**Work order:** Take the line containing "Interiör. Kvinna med" and all lines after it, through the end of the material, and repeat them exactly, pictures left out.

**Recorded information:**
───

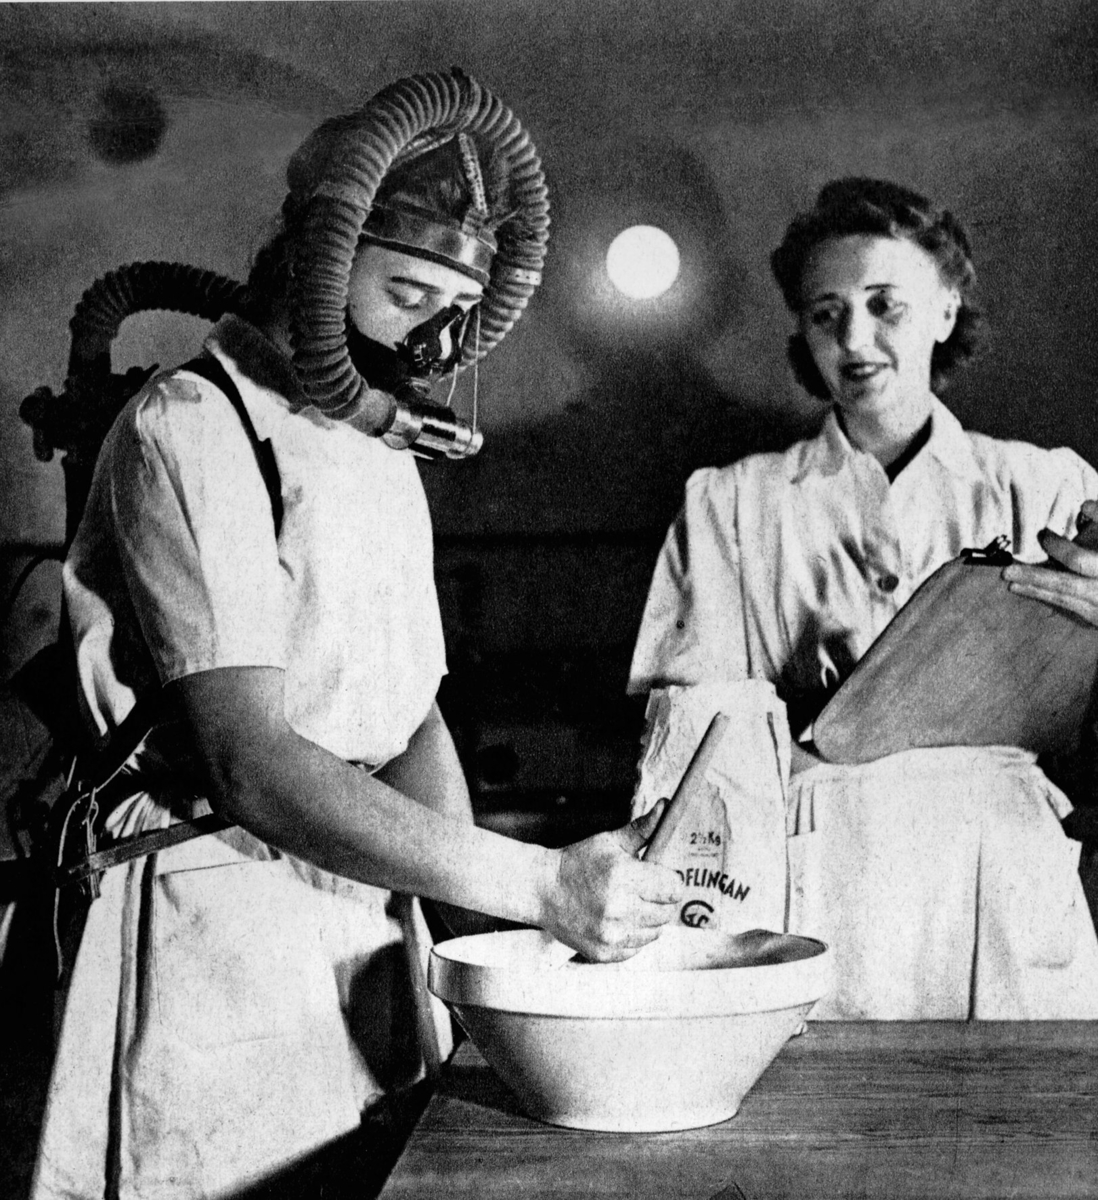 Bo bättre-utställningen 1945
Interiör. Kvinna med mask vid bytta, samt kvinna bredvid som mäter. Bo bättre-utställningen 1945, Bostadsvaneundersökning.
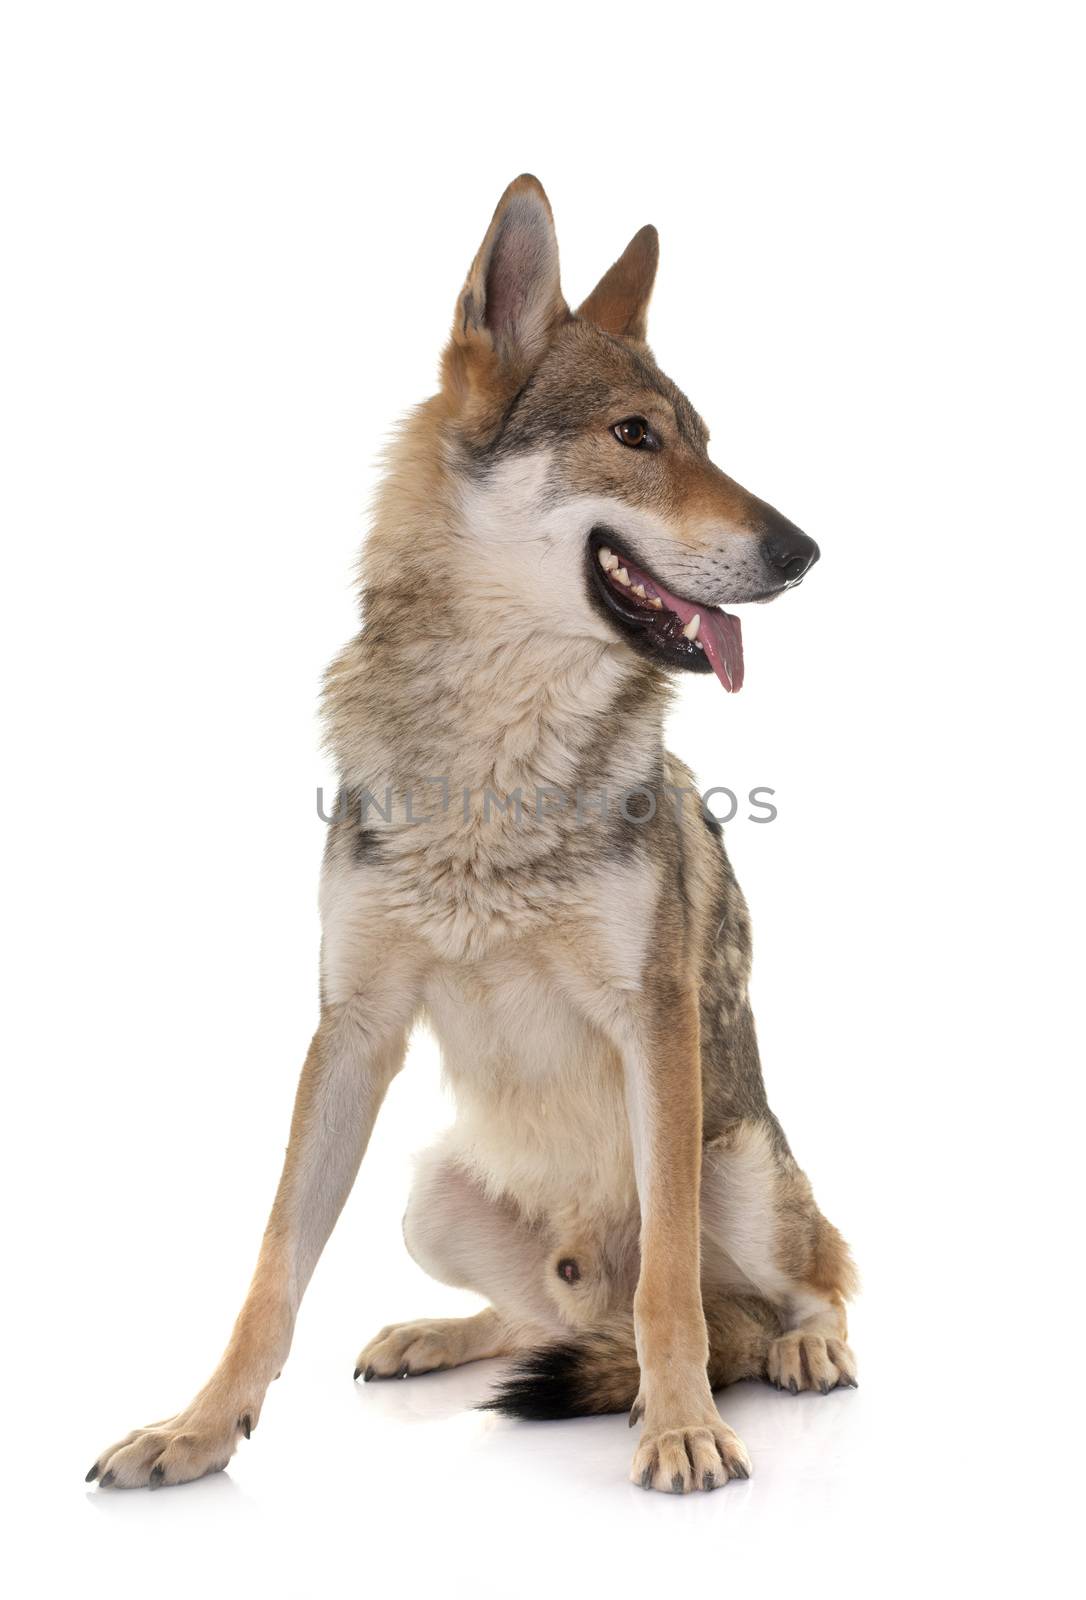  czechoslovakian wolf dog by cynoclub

───

**Task answer:**
Interiör. Kvinna med mask vid bytta, samt kvinna bredvid som mäter. Bo bättre-utställningen 1945, Bostadsvaneundersökning.
  czechoslovakian wolf dog by cynoclub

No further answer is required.